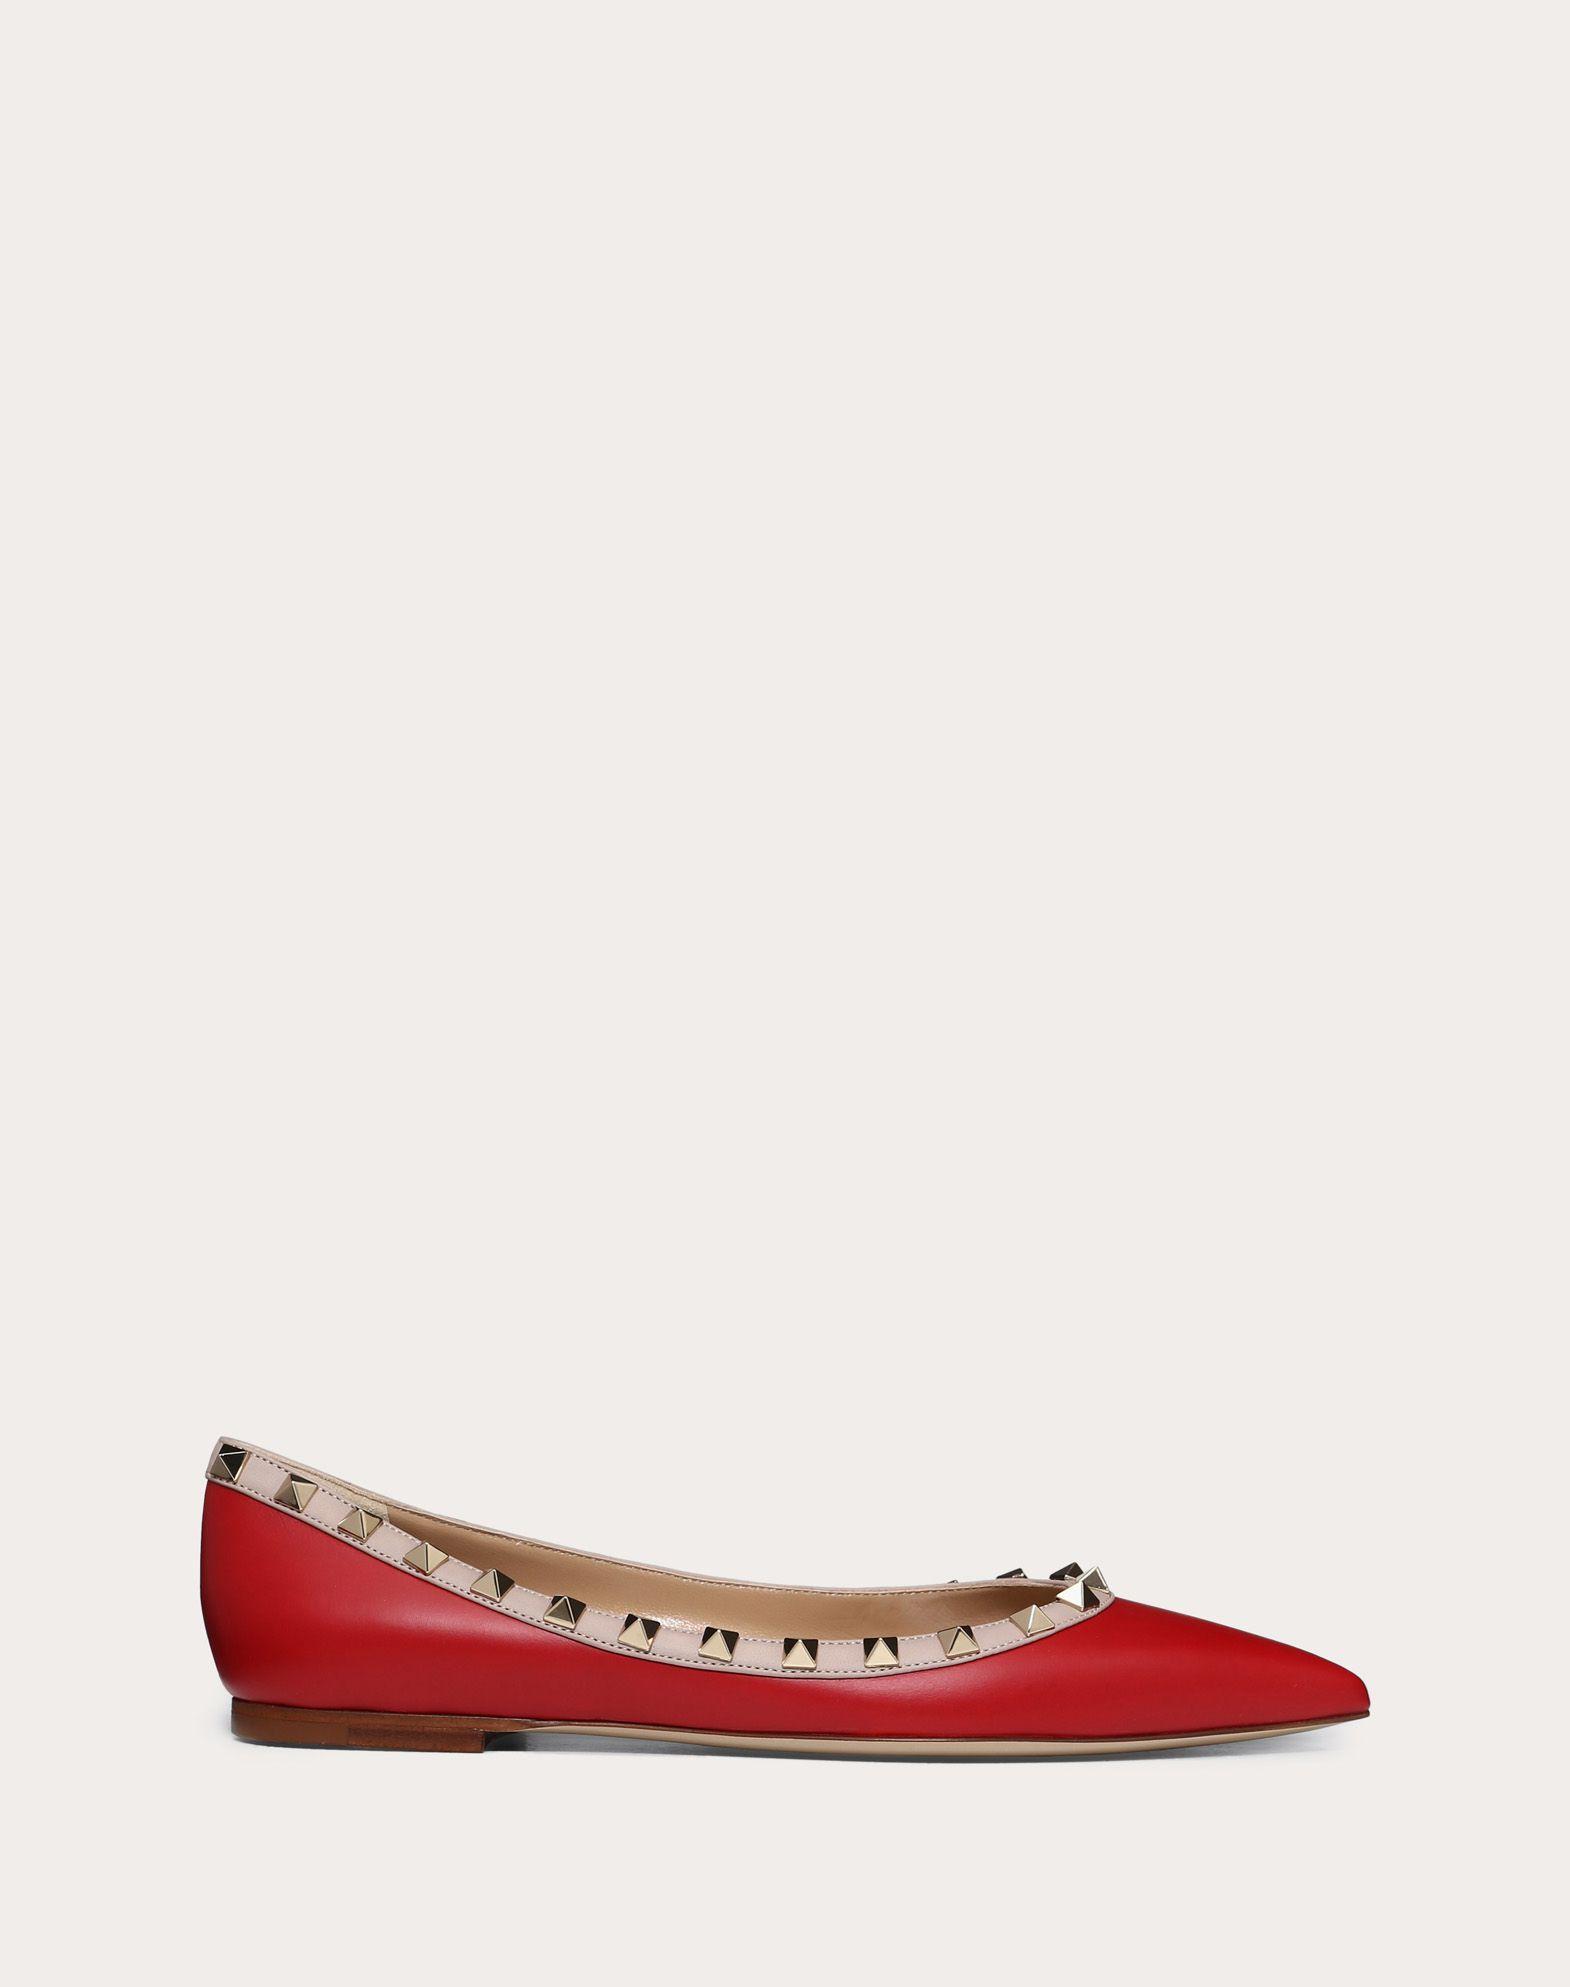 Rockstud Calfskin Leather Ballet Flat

==

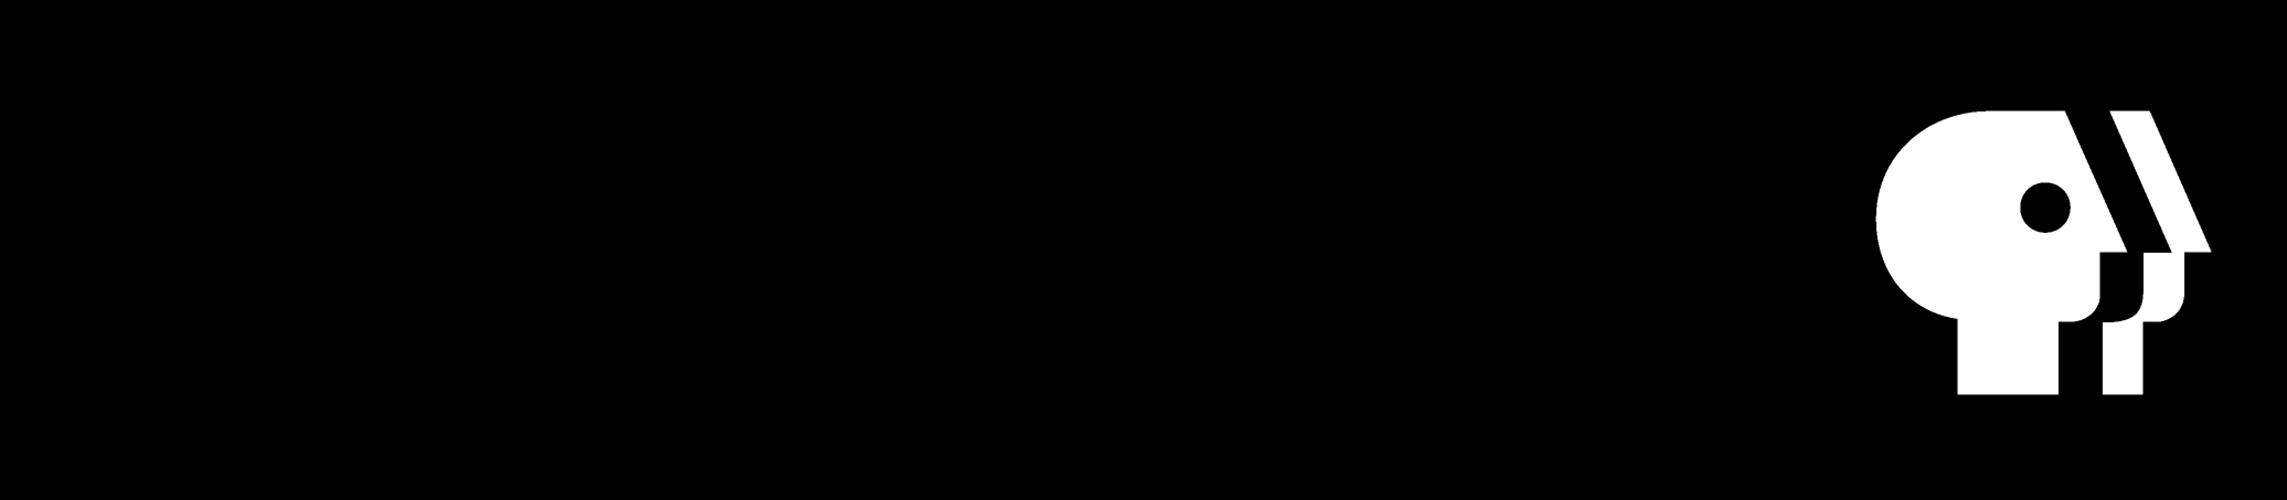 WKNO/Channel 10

...

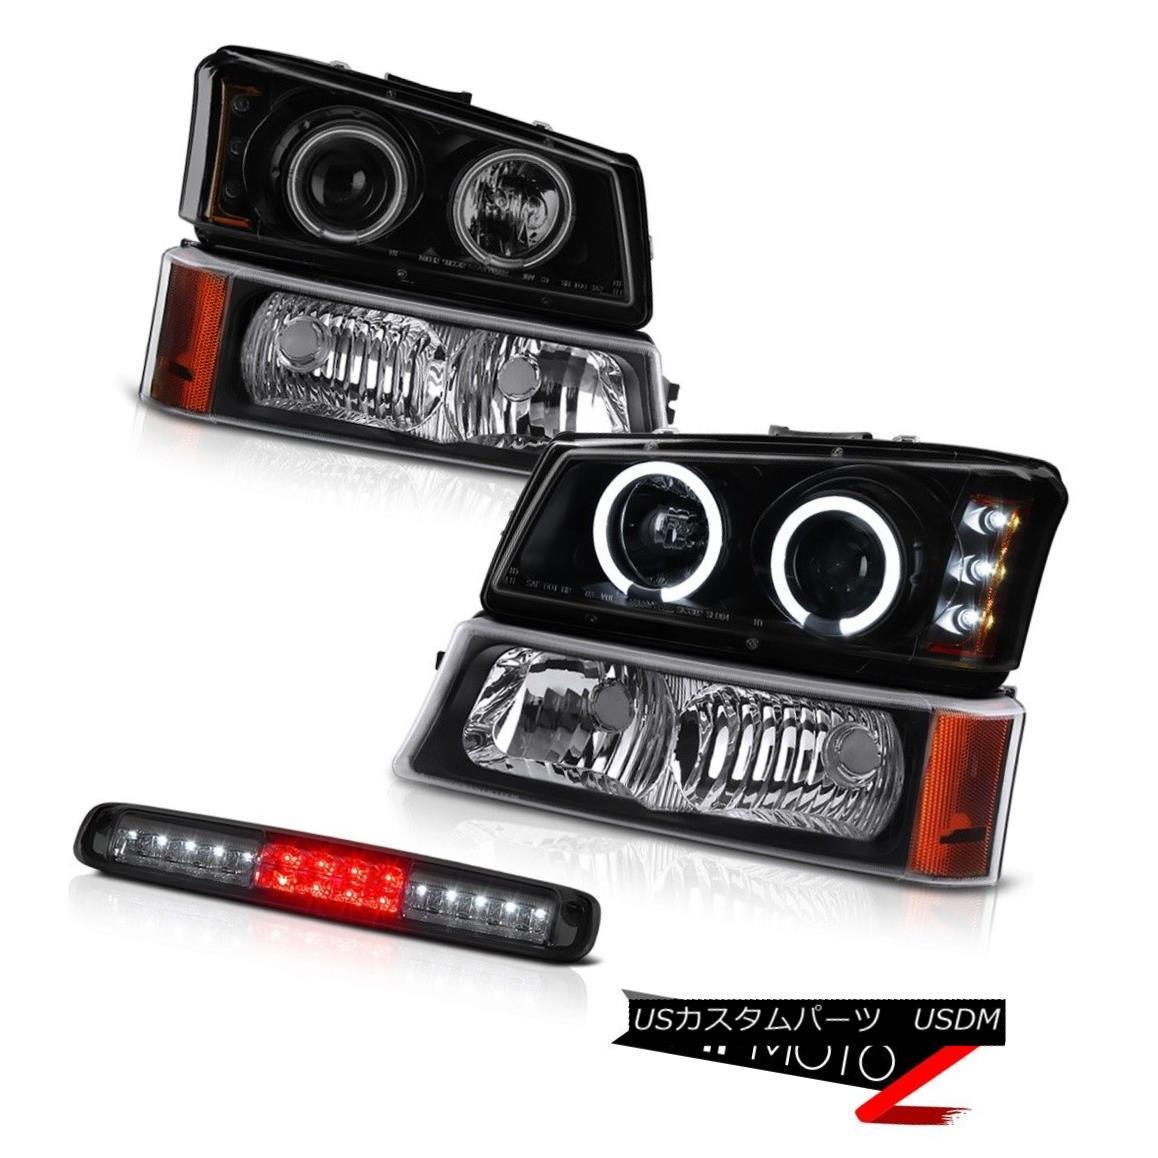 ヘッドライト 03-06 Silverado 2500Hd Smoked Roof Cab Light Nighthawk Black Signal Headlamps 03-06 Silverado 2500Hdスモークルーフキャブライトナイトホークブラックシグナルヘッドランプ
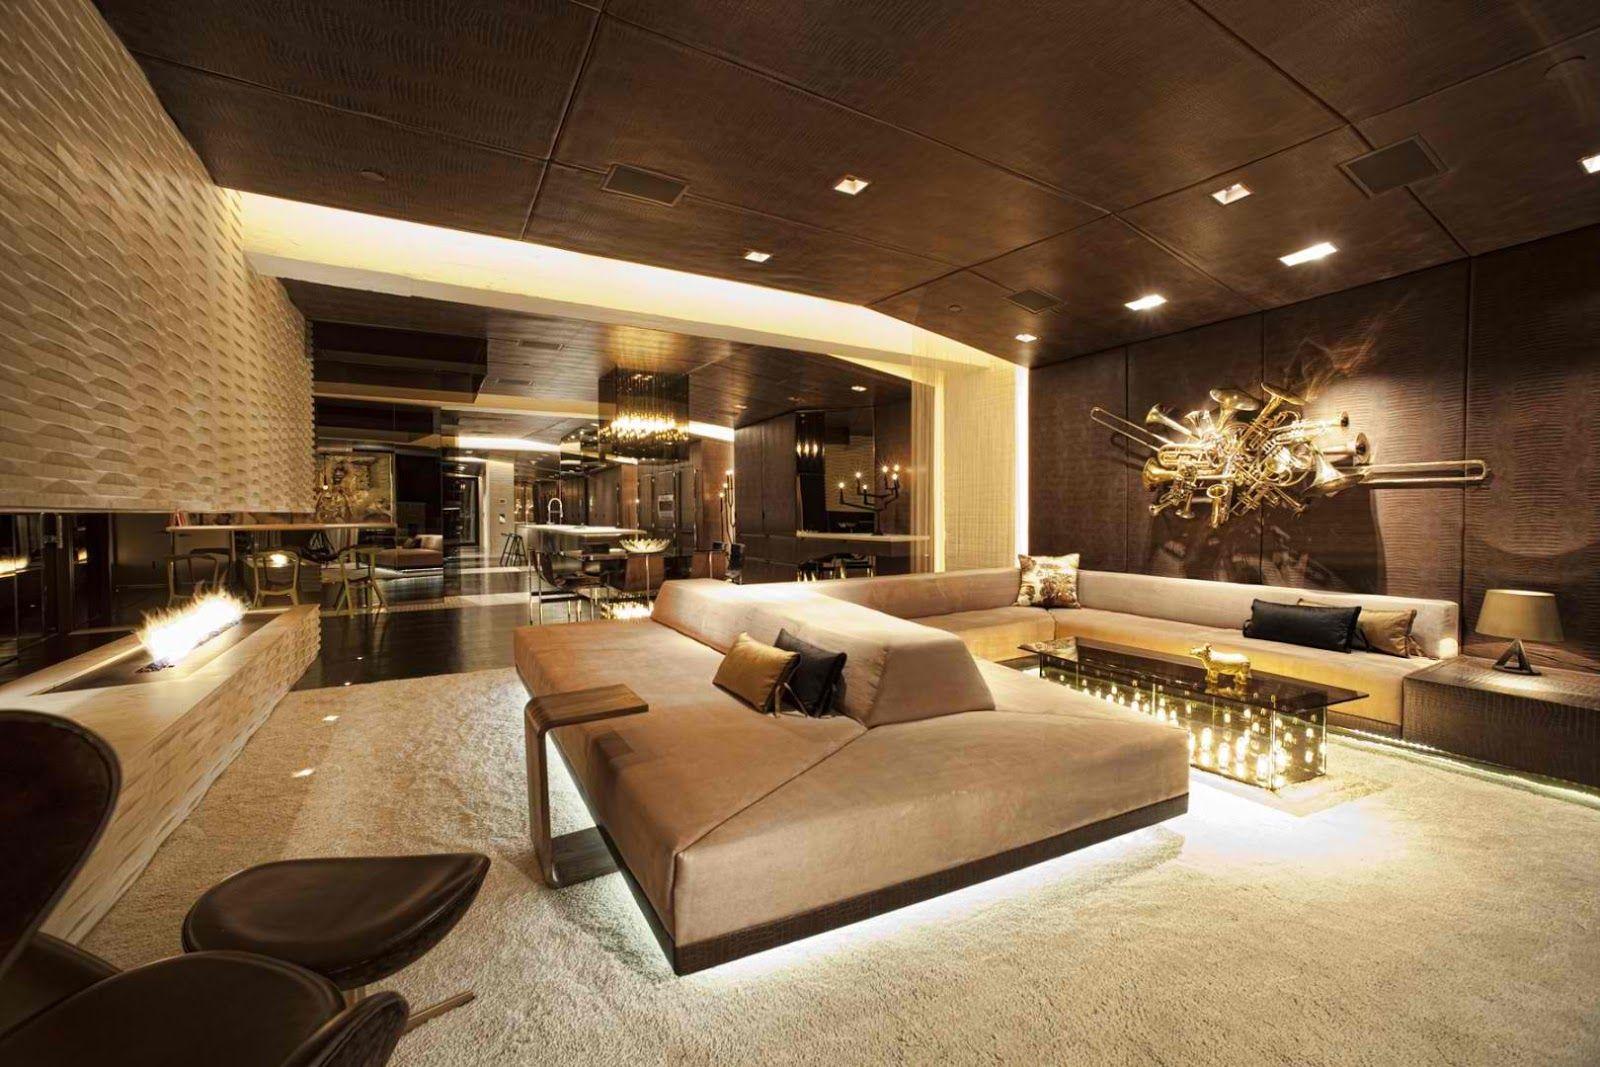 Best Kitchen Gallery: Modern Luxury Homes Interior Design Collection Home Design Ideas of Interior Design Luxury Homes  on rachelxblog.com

**Problem to work on**
Please copy the lines above exactly, starting at the line that holds "ヘッドライト 03-06 Silverado" and ending at the line that holds "Best Kitchen Gallery: Modern"; include both, but no pictures.

**Exercise answer**
 ヘッドライト 03-06 Silverado 2500Hd Smoked Roof Cab Light Nighthawk Black Signal Headlamps 03-06 Silverado 2500Hdスモークルーフキャブライトナイトホークブラックシグナルヘッドランプ
 Best Kitchen Gallery: Modern Luxury Homes Interior Design Collection Home Design Ideas of Interior Design Luxury Homes  on rachelxblog.com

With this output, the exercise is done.